Université Concordia

 

Domaine : technologies de l'information et des communications

Programme : établissement de nouveaux chercheurs universitaires

Concours 2017-2018

Le cerveau humain est capable d'extraire et de fusionner des informations provenant de plusieurs sources de signaux, à la fois en mode adaptatif et en temps réel, ce qui en fait le système de traitement du signal le plus intrigant qu'il nous soit donné d'observer. Ceci a inspiré le développement récent d'interfaces cerveau-ordinateur permettant aux utilisateurs de communiquer par leurs propres ondes cérébrales avec un ensemble de dispositifs variés; les performances de ces appareils correspond rarement à celui des humains rendant leurs applications pratiques plutôt limitée.

Pour surmonter les limitations, il y a eu un récent regain d'intérêt dans les interfaces cerveau-ordinateur hybrides où l'information provenant d'une multitude de signaux biologiques peut être fusionnée simultanément.
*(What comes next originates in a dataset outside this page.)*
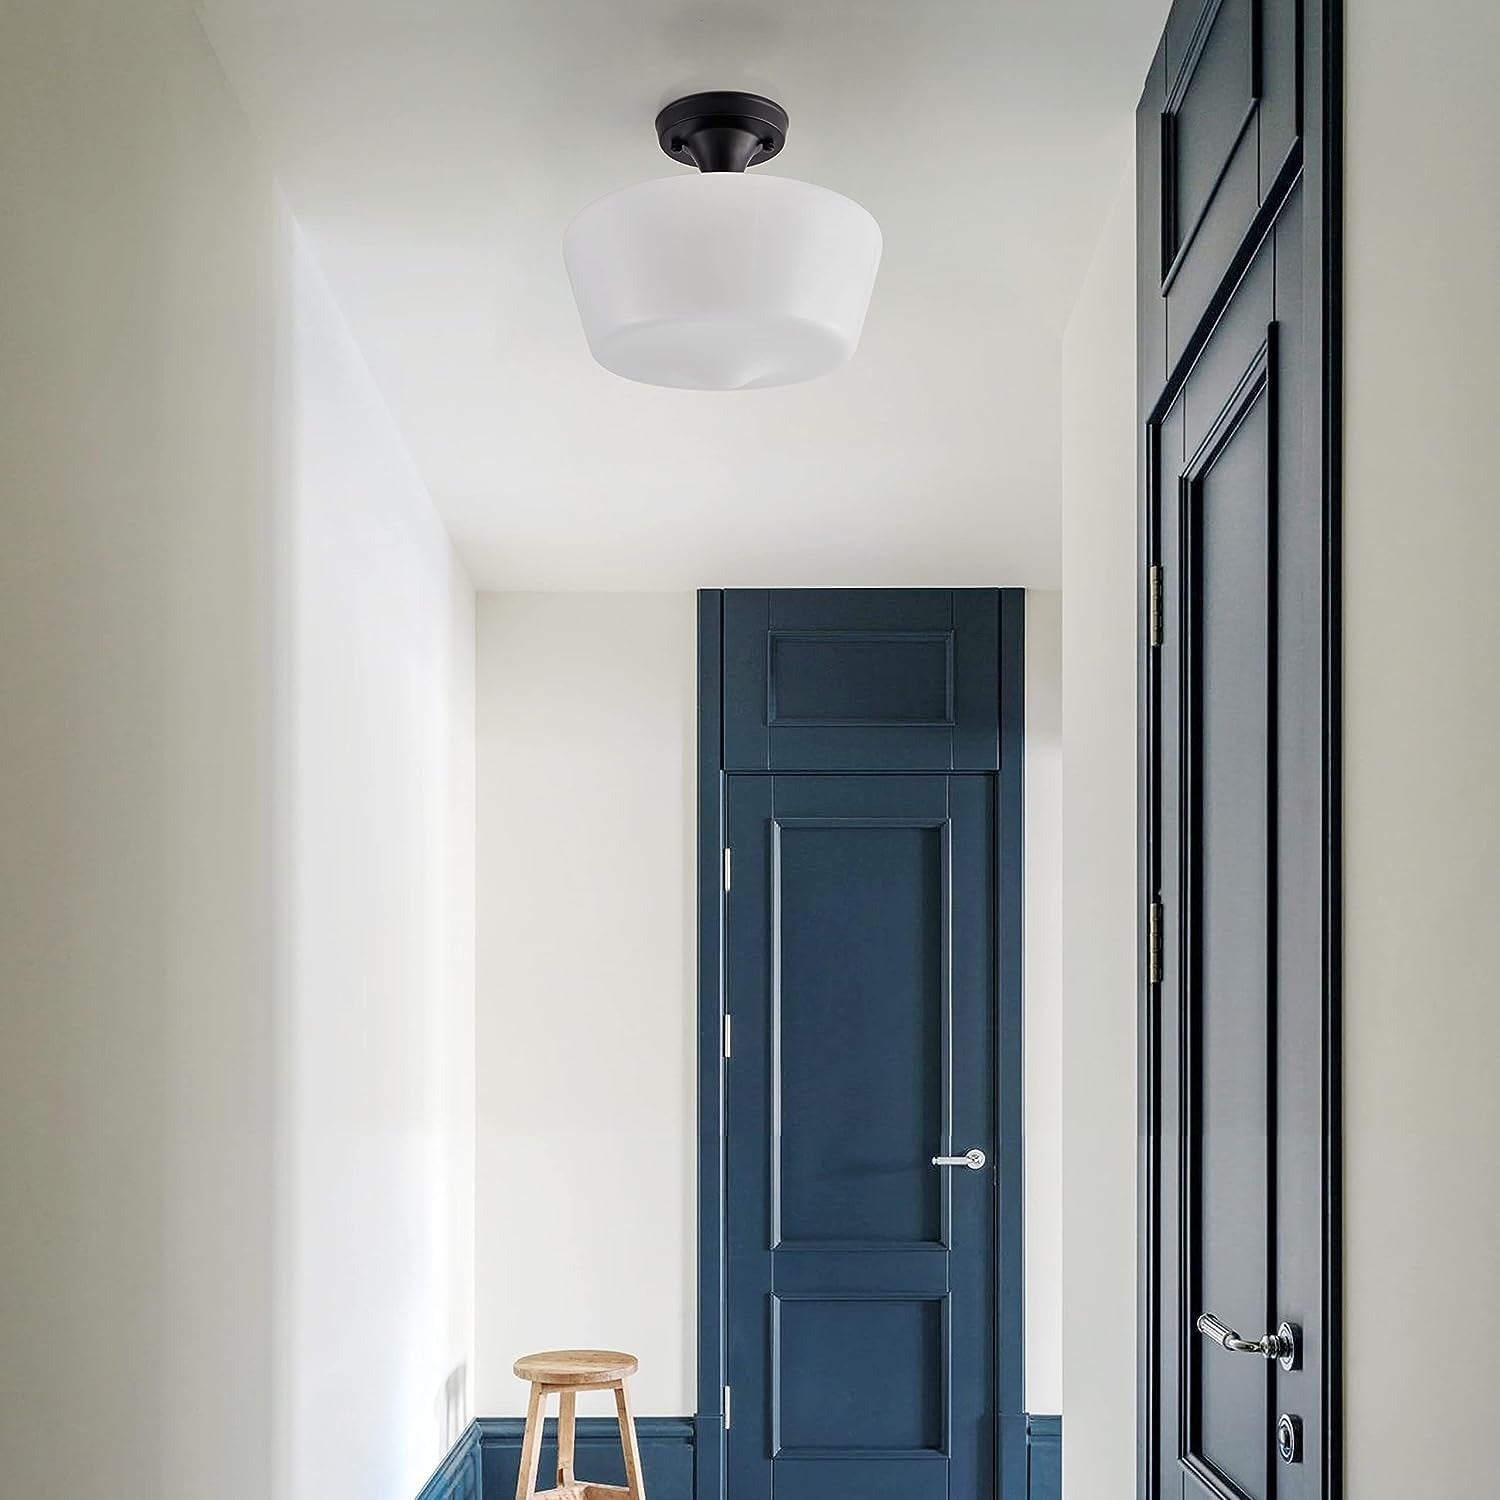 Bauhaus Cream Brass Hallway Ceiling Light

La production d'un traitement de signal multimodal et adaptatif en temps réel pour une interface hybride cerveau-ordinateur exige toutefois de relever des défis de recherche clés tels que le décodage en ligne des activités du cerveau en coopération avec d'autres modalités de signal, la fusion optimale de signaux biologiques multimodaux, et le développement d'algorithmes de calcul efficaces pour traiter en temps réel les signaux du cerveau, y compris sur les appareils portables.

Notre projet ouvre une voie prometteuse vers un interfaçage pratique avec le cerveau, avec des applications efficaces et abordables dans les systèmes de réhabilitation et d'assistance. Son assise intellectuelle repose sur le développement de techniques avancées de traitement du signal couplées avec des mécanismes novateurs d'extraction et de fusion de l'information, faisant de cet objectif futuriste une réalité au Québec et au Canada.